I remember how angry Tiny Soderball
made me one afternoon. She declared she had
heard grandmother was going to make a Baptist preacher
of me. `I guess you’ll have to stop dancing
and wear a white necktie then. Won’t he
look funny, girls?’
Lena laughed. `You’ll have
to hurry up, Jim. If you’re going to be
a preacher, I want you to marry me. You must
promise to marry us all, and then baptize the babies.’
Norwegian Anna, always dignified, looked at her reprovingly.
`Baptists don’t believe in christening
babies, do they, Jim?’
I told her I didn’t know what
they believed, and didn’t care, and that I certainly
wasn’t going to be a preacher.
`That’s too bad,’ Tiny
simpered. She was in a teasing mood. `You’d
make such a good one. You’re so studious.
Maybe you’d like to be a professor. You
used to teach Tony, didn’t you?’
Antonia broke in. `I’ve set
my heart on Jim being a doctor. You’d be
good with sick people, Jim. Your grandmother’s
trained you up so nice. My papa always said
you were an awful smart boy.’
I said I was going to be whatever
I pleased. `Won’t you be surprised, Miss Tiny,
if I turn out to be a regular devil of a fellow?’
They laughed until a glance from Norwegian
Anna checked them; the high-school principal had just
come into the front part of the shop to buy bread
for supper. Anna knew the whisper was going about
that I was a sly one. People said there must
be something queer about a boy who showed no interest
in girls of his own age, but who could be lively enough
when he was with Tony and Lena or the three Marys.
The enthusiasm for the dance, which
the Vannis had kindled, did not at once die out.
After the tent left town, the Euchre Club became the
Owl Club, and gave dances in the Masonic Hall once
a week. I was invited to join, but declined.
I was moody and restless that winter, and tired of
the people I saw every day. Charley Harling
was already at Annapolis, while I was still sitting
in Black Hawk, answering to my name at roll-call every
morning, rising from my desk at the sound of a bell
and marching out like the grammar-school children.
Mrs. Harling was a little cool toward me, because
I continued to champion Antonia. What was there
for me to do after supper? Usually I had learned
next day’s lessons by the time I left the school
building, and I couldn’t sit still and read forever.

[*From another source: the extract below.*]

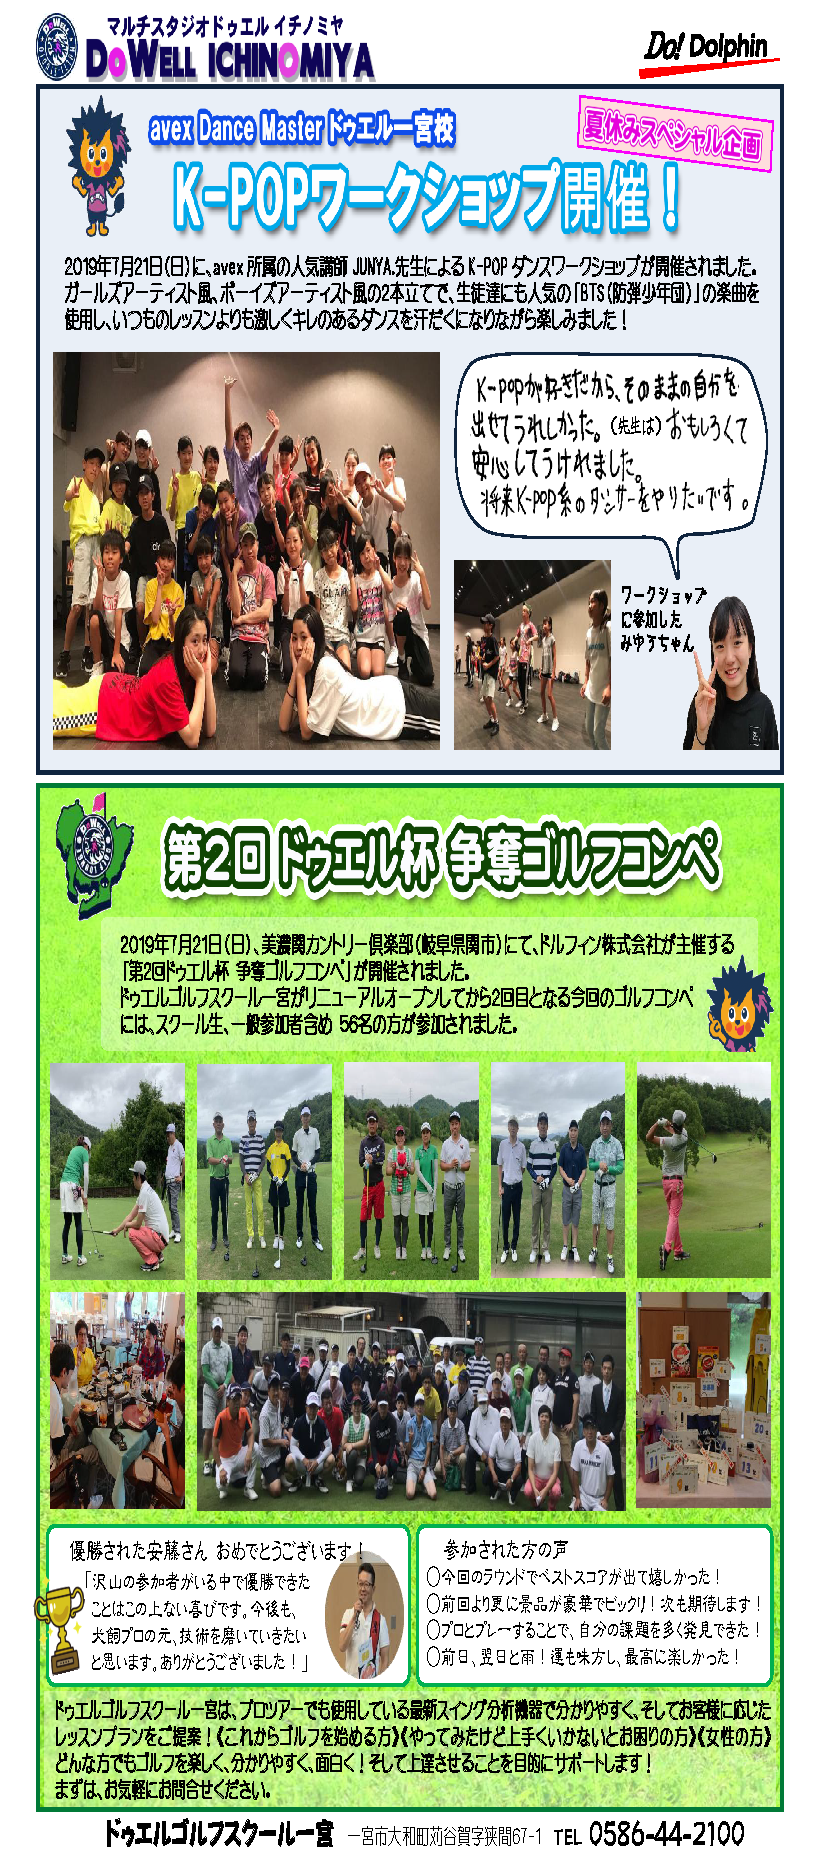 ドルフィン広報誌9月号校了_ページ_3

In the evening I used to prowl about,
hunting for diversion. There lay the familiar
streets, frozen with snow or liquid with mud.

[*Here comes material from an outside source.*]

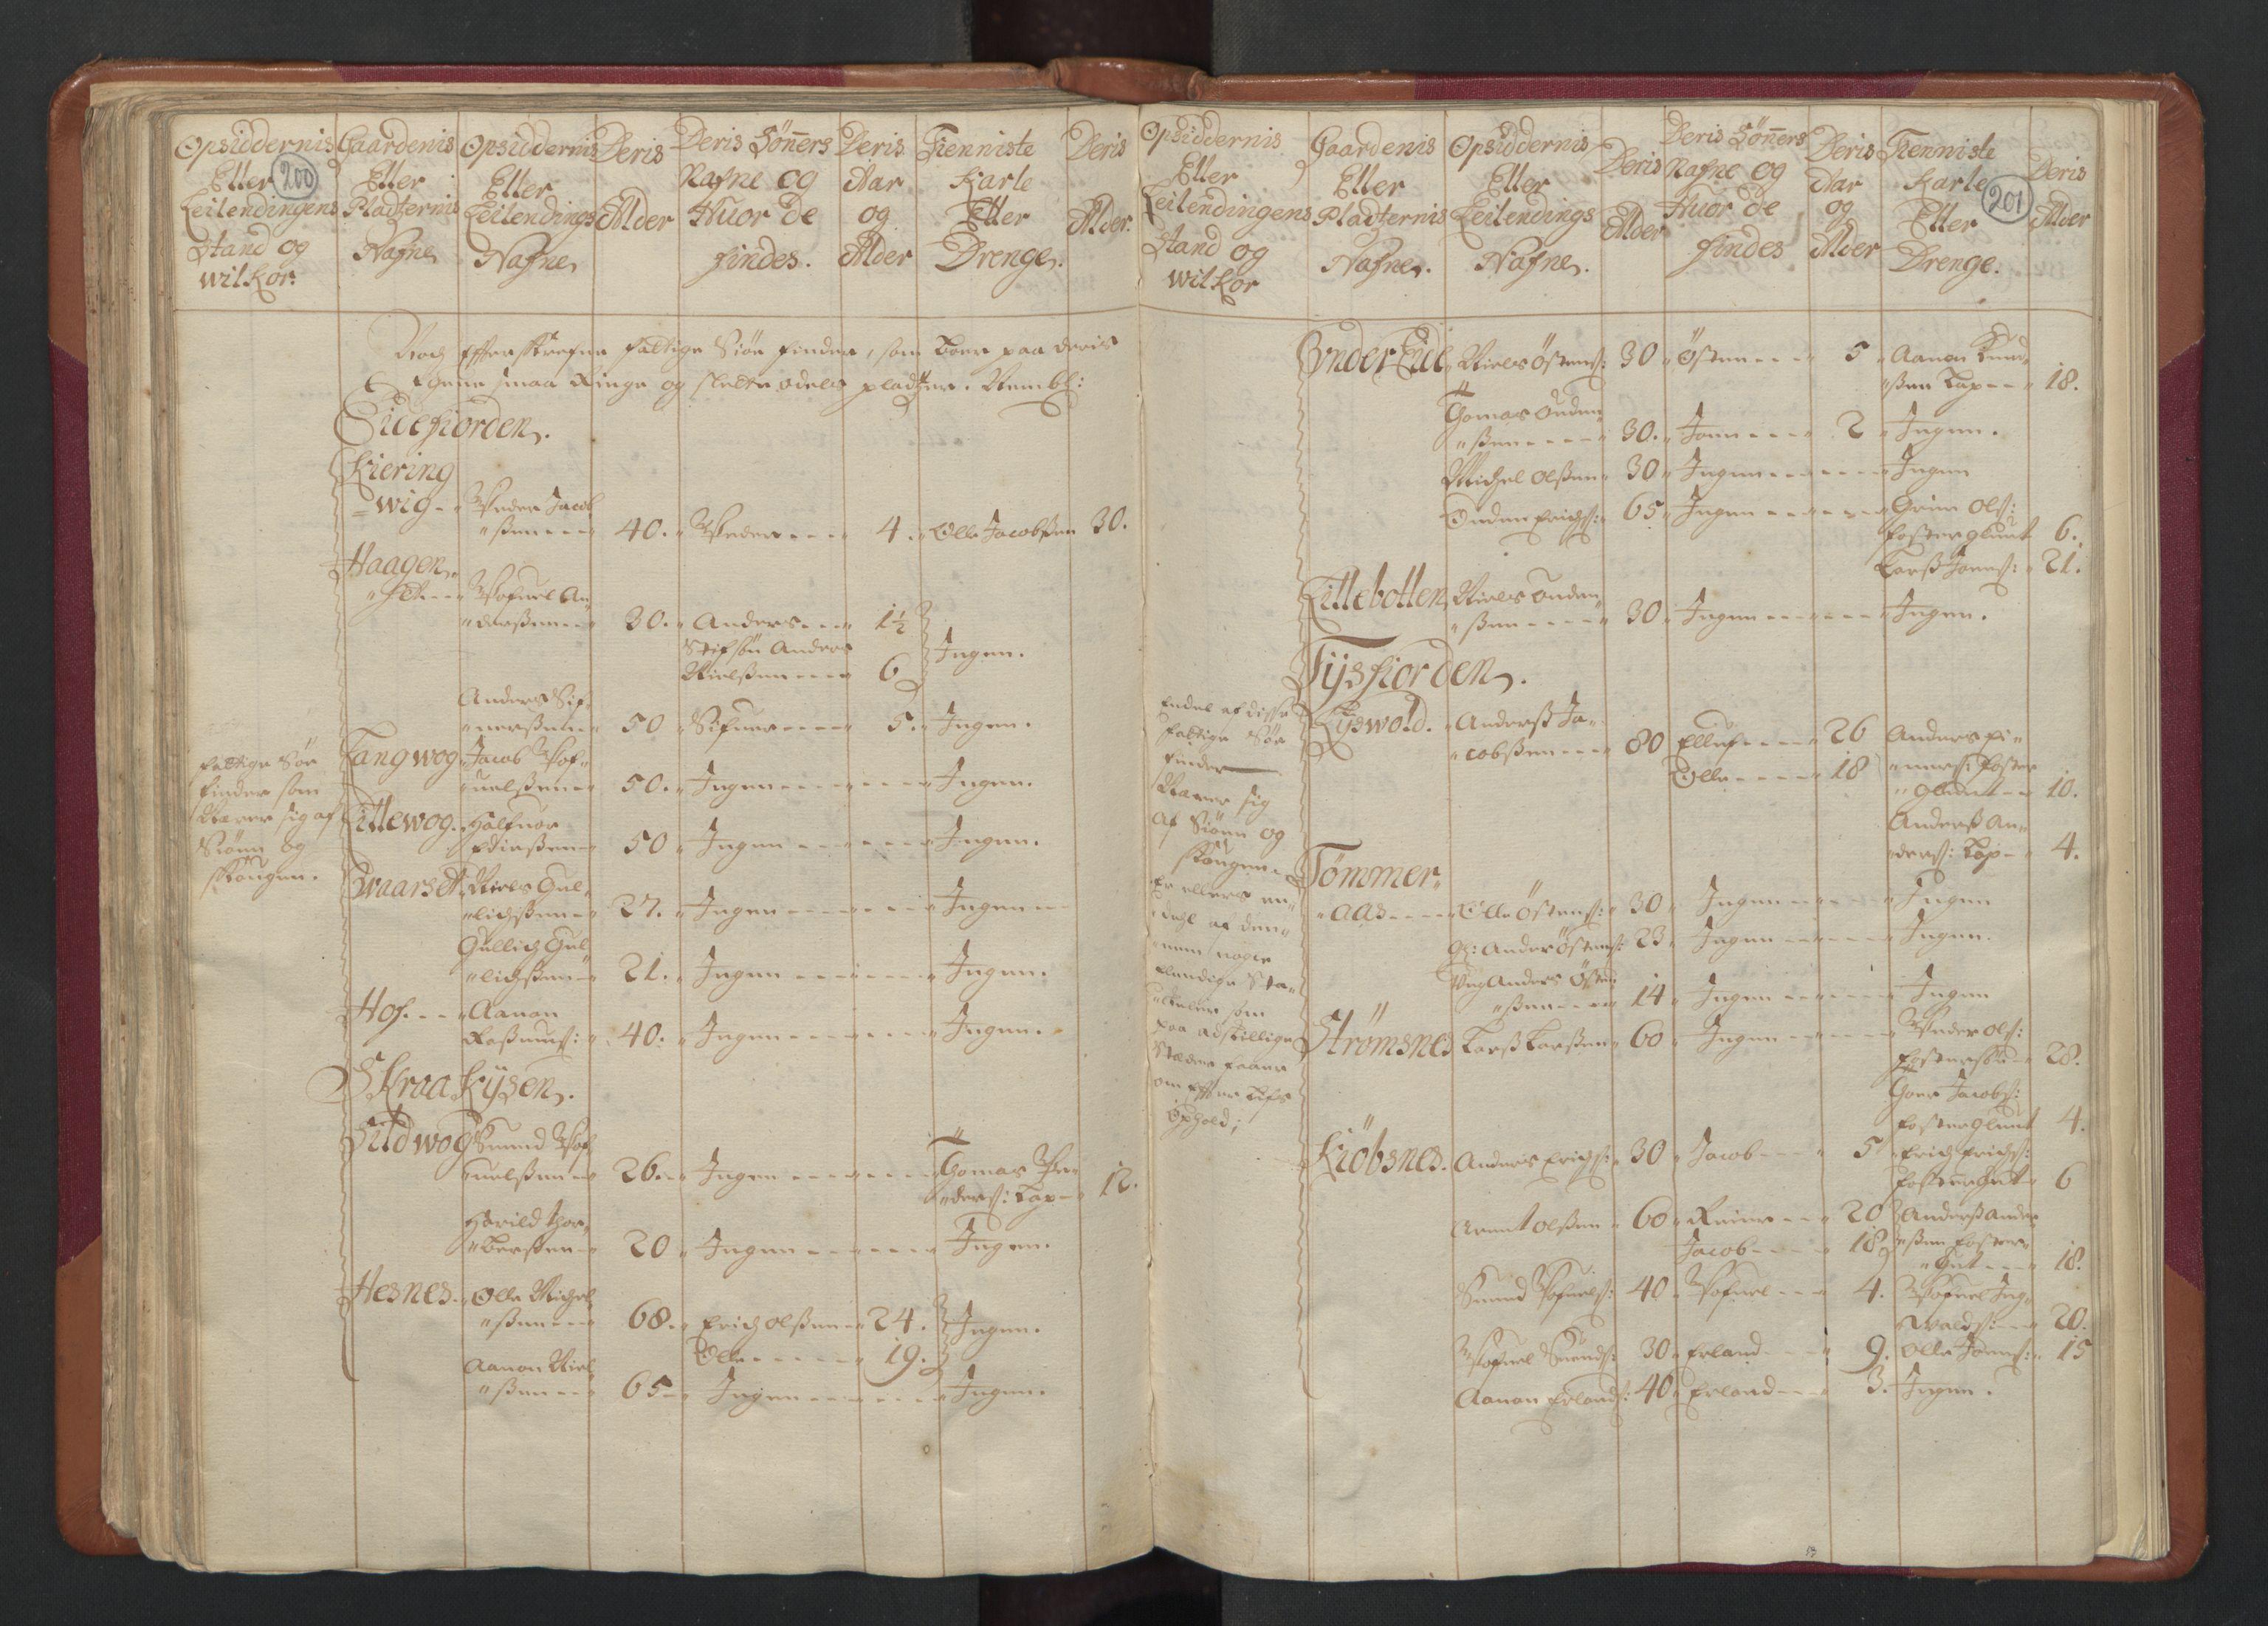 RA, Census (manntall) 1701, no. 17: Salten fogderi, 1701, p. 200-201

They led to the houses of good people who were putting
the babies to bed, or simply sitting still before
the parlour stove, digesting their supper. Black
Hawk had two saloons. One of them was admitted,
even by the church people, to be as respectable as
a saloon could be. Handsome Anton Jelinek, who
had rented his homestead and come to town, was the
proprietor. In his saloon there were long tables
where the Bohemian and German farmers could eat the
lunches they brought from home while they drank their
beer. Jelinek kept rye bread on hand and smoked
fish and strong imported cheeses to please the foreign
palate. I liked to drop into his bar-room and
listen to the talk. But one day he overtook me
on the street and clapped me on the shoulder.
`Jim,’ he said, `I am good friends
with you and I always like to see you. But you
know how the church people think about saloons.
Your grandpa has always treated me fine, and I don’t
like to have you come into my place, because I know
he don’t like it, and it puts me in bad with
him.’
So I was shut out of that.
One could hang about the drugstore;
and listen to the old men who sat there every evening,
talking politics and telling raw stories. One
could go to the cigar factory and chat with the old
German who raised canaries for sale, and look at his
stuffed birds. But whatever you began with him,
the talk went back to taxidermy. There was the
depot, of course; I often went down to see the night
train come in, and afterward sat awhile with the disconsolate
telegrapher who was always hoping to be transferred
to Omaha or Denver, `where there was some life.’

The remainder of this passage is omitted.